We measure the cosmological matter density by observing the positions of baryon acoustic oscillations in the clustering of galaxies in the Sloan Digital Sky Survey (SDSS). We jointly analyse the main galaxies and LRGs in the SDSS DR5 sample, using over half a million galaxies in total. The oscillations are detected with 99.74% confidence (3.0sigma assuming Gaussianity) compared to a smooth power spectrum. When combined with the observed scale of the peaks within the CMB, we find a best-fit value of Omega_m=0.256+0.029-0.024 (68% confidence interval), for a flat Lambda cosmology when marginalising over the Hubble parameter and the baryon density. This value of the matter density is derived from the locations of the baryon oscillations in the galaxy power spectrum and in the CMB, and does not include any information from the overall shape of the power spectra. This is an extremely clean cosmological measurement as the physics of the baryon acoustic oscillation production is well understood, and the positions of the oscillations are expected to be independent of systematics such as galaxy bias.

Paper Structure

This paper contains 5 sections, 1 equation, 3 figures.

Figures (3)

  • Figure 1: Results from fitting to 200 mock linear CDM power spectra calculated assuming $h=0.73$, $\Omega_M=0.24$ and $n_s=0.96$, with our two component spline + BAO model. We plot the average ratio between input power and spline fit from 100 mock CDM power spectra with no baryon oscillations (open circles with 1$\sigma$ errors), and 100 mocks with baryon oscillations assuming $\Omega_b/\Omega_M=0.174$ (solid circles with 1$\sigma$ errors). The expected residual in each case is shown by the solid lines.
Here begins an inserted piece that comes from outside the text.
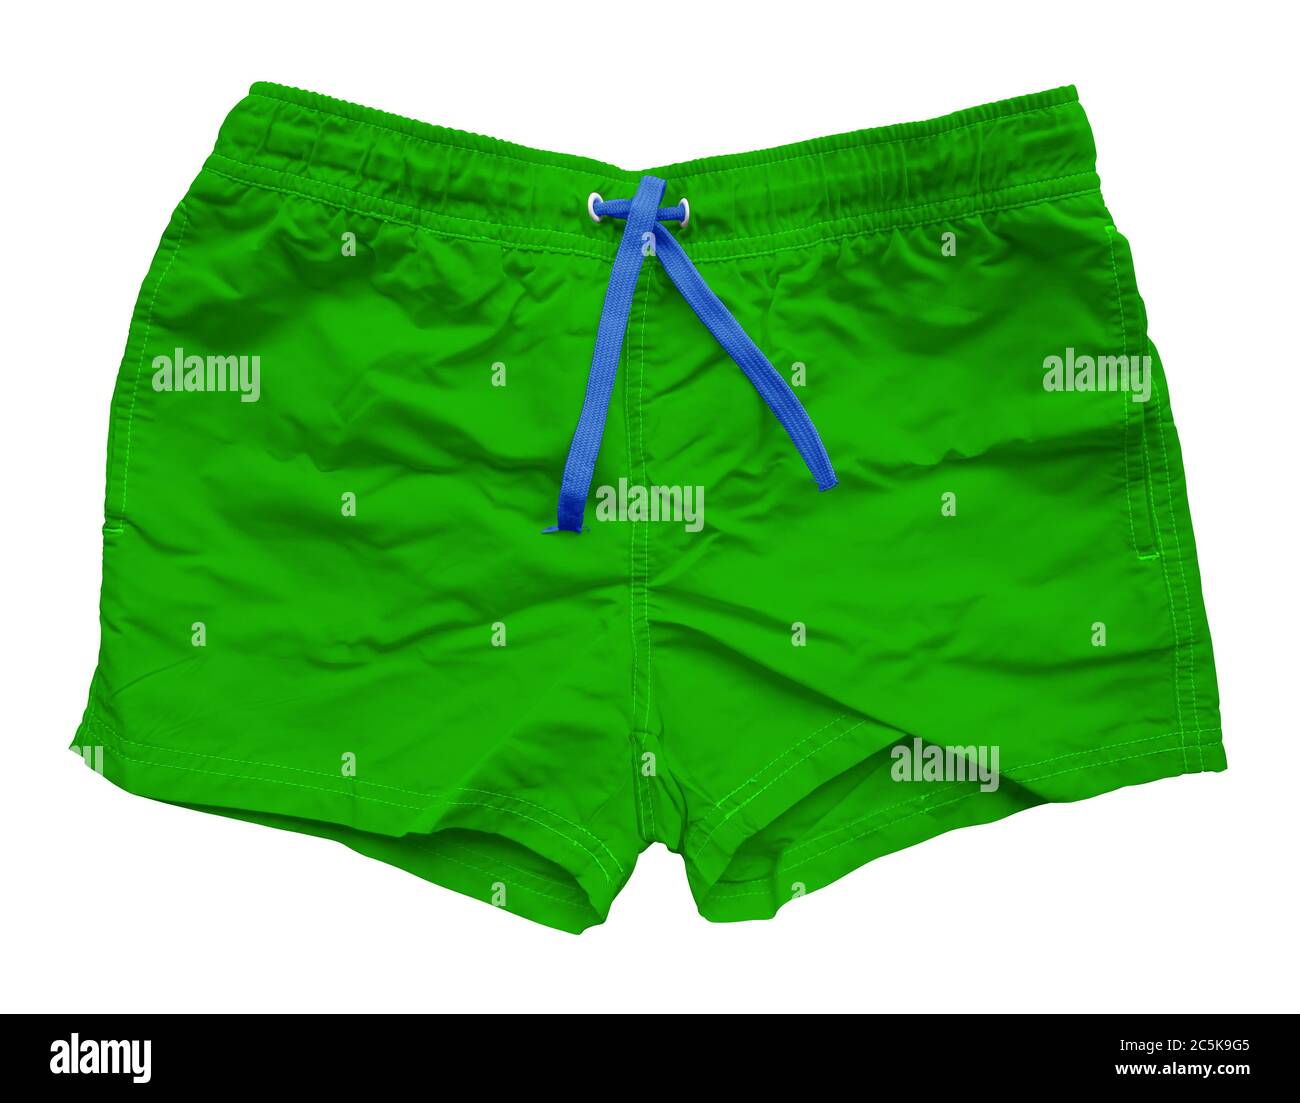 Pantaloncini verdi sportivi isolati su sfondo bianco. Tracciato di ritaglio incluso. Foto Stock

From these fits, we find that the difference between input and recovered power $\Delta P(k)/P(k)<0.015$ for $0.01<k<0.3\,h\,{\rm Mpc}^{-1}$, a level well below the current experimental error (grey shaded region).
  • Figure 2: The ratio of the power spectra calculated from the SDSS to the smooth cubic spline fit that we use to model the overall shape of the measured power spectra (solid circles with 1-$\sigma$ errors). Data are plotted using five flat $\Lambda$ cosmological models to convert from redshift to comoving distance, with matter densities given in each panel. For comparison, in each panel we also plot the BAO predicted by a CDM model with the same matter density, $h=0.73$, and a 17% baryon fraction (solid lines). The dashed lines show the same models without the low-redshift small-scale damping term. As can be seen, the observed oscillations approximately match those predicted by this model for $0.2\le\Omega_M\le0.3$, but fail for higher or lower matter densities.
  • Figure 3: Likelihood contours in the $h-\Omega_M$ plane, derived from measurements of the BAO observed in the SDSS combined with constraints from other cosmological data. The intensities are separated by $-2\ln{\cal L}=2.3,\,6.0,\,9.2$, corresponding to two-parameter confidence of 68%, 95% and 99% for a Gaussian distribution. The blue shaded region shows the constraints for flat $\Lambda$ cosmologies combining the SDSS BAO data with a low redshift constraint on $h=0.72\pm0.08$ for flat $\Lambda$-cosmologies. The green region shows the combination of the SDSS constraint with the 3-year WMAP constraints on $\Omega_M^{0.275}h$ and $\Omega_bh^2$, again for flat $\Lambda$-cosmologies. The overlaid red contours were calculated by instead combining with a constraint on $\Omega_Mh^2$ from the peak heights in the CMB together with the constraint on $\Omega_bh^2$. This relaxes the assumption of a flat $\Lambda$-cosmology, by removing the dependence on the distance to the last scattering surface. There is still a dependence on the comoving distance-redshift relation over the survey, but observations of type Ia supernovae constrain this to be close to that expected for a flat $\Lambda$-cosmology. The degeneracies in the $h-\Omega_M$ plane induced by different cosmological observations are discussed at length in tegmark06.